● Given material

○ ○ ○ ○ ○

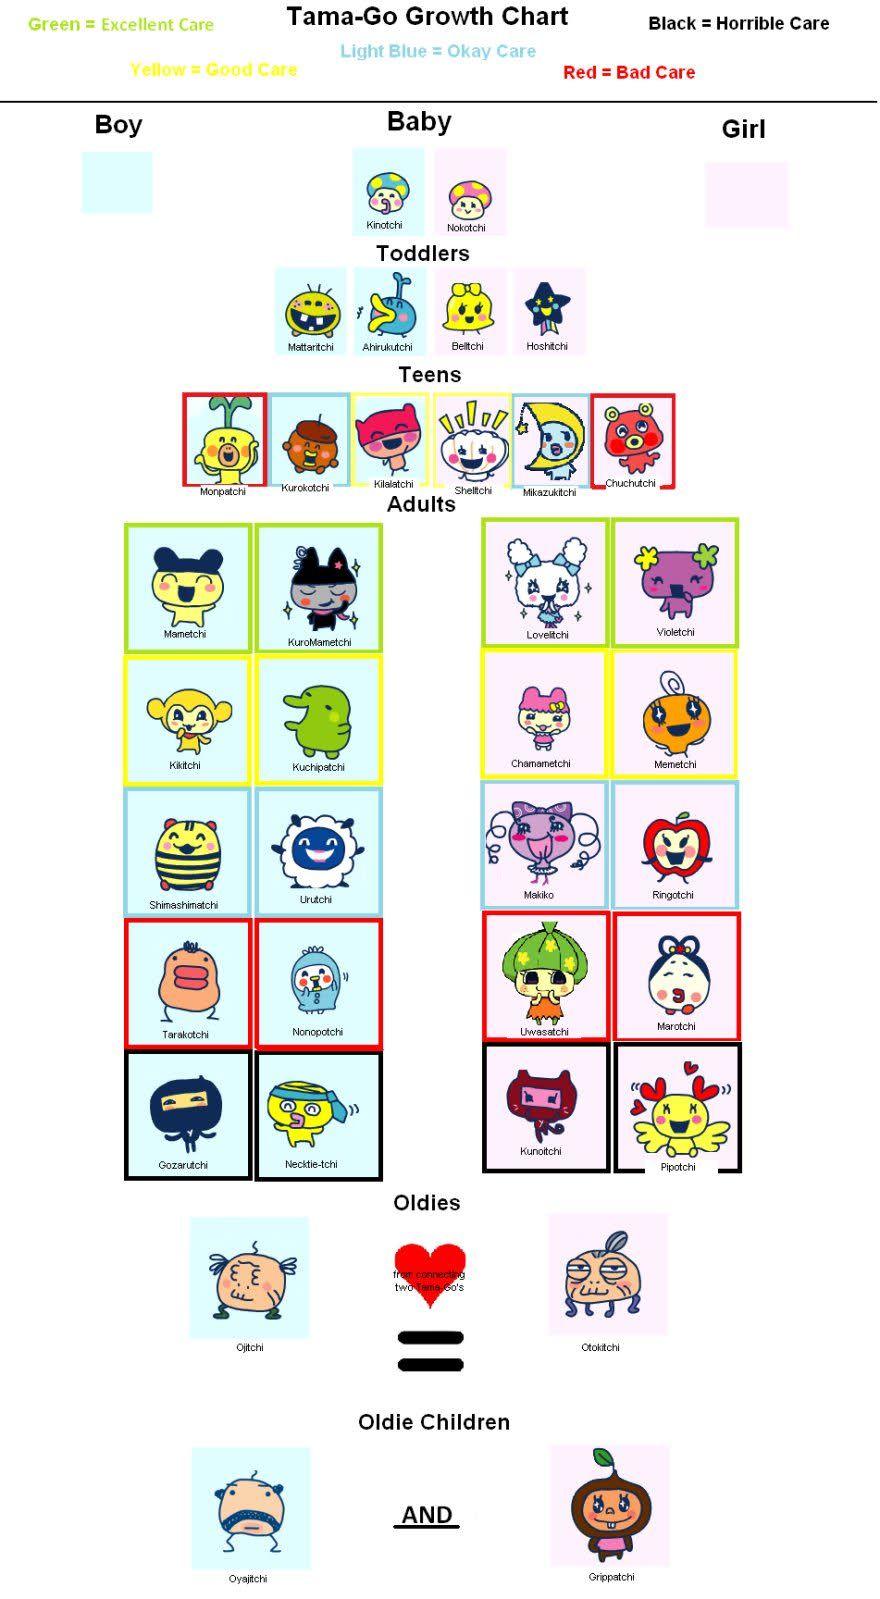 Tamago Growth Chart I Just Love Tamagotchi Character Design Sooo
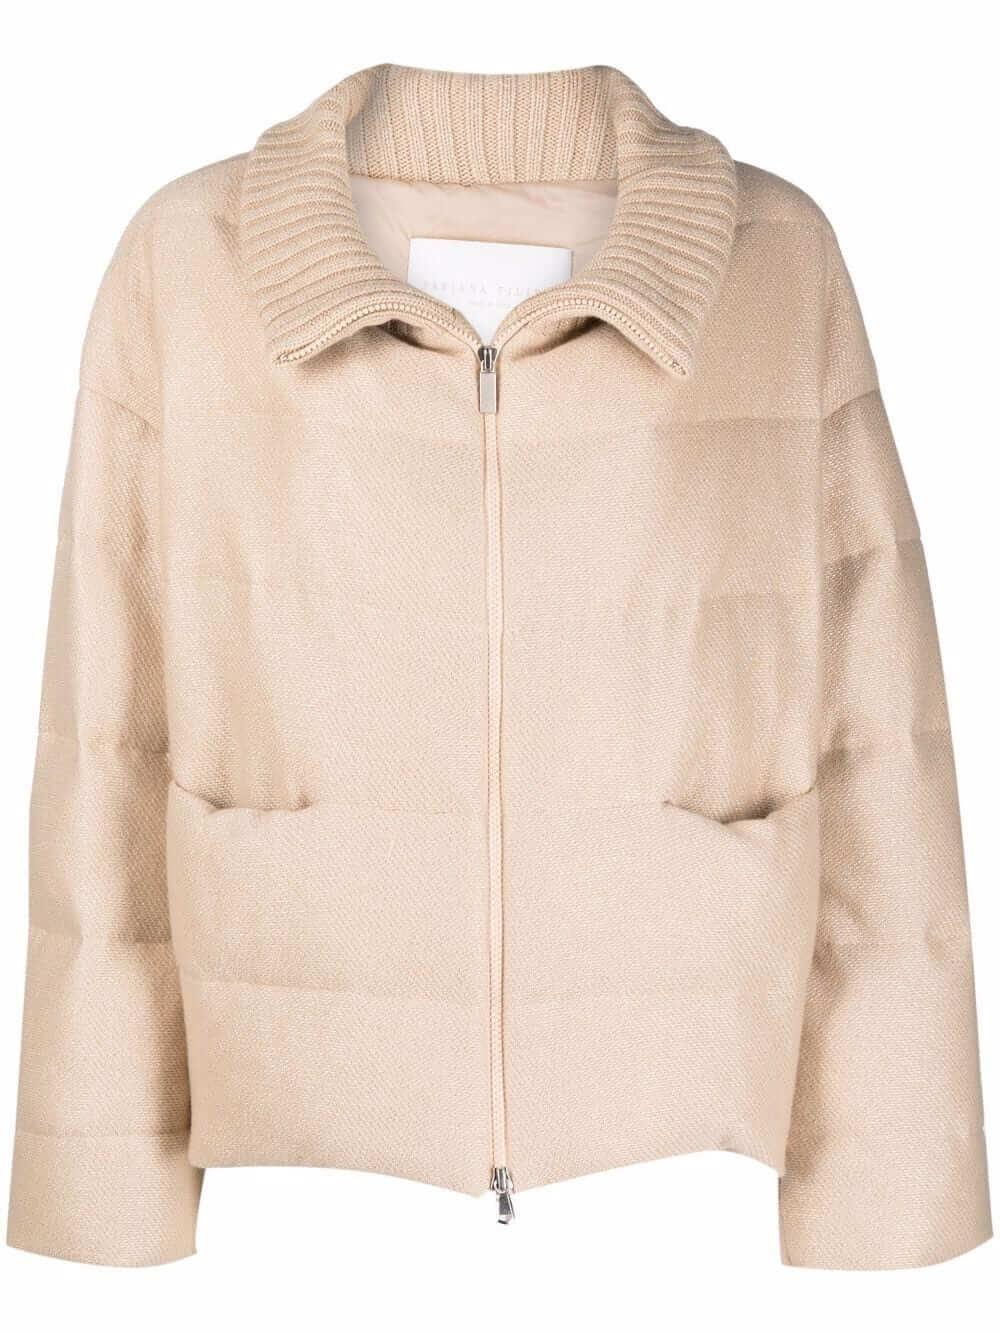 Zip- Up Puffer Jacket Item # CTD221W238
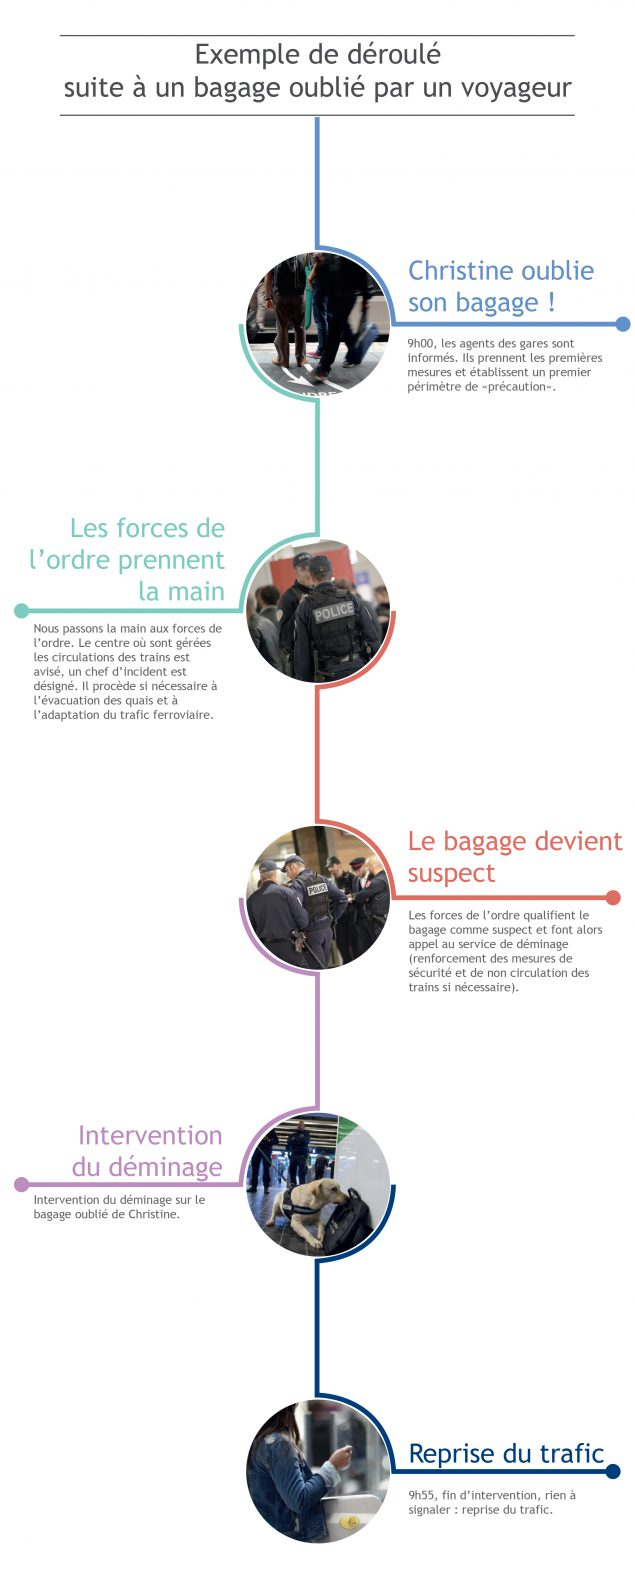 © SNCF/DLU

○ ○ ○ ○ ○

● Task description
Every line of the material must be repeated exactly; pictures stay out.

● Solution to this exercise
 Tamago Growth Chart I Just Love Tamagotchi Character Design Sooo
 Zip- Up Puffer Jacket Item # CTD221W238
 © SNCF/DLU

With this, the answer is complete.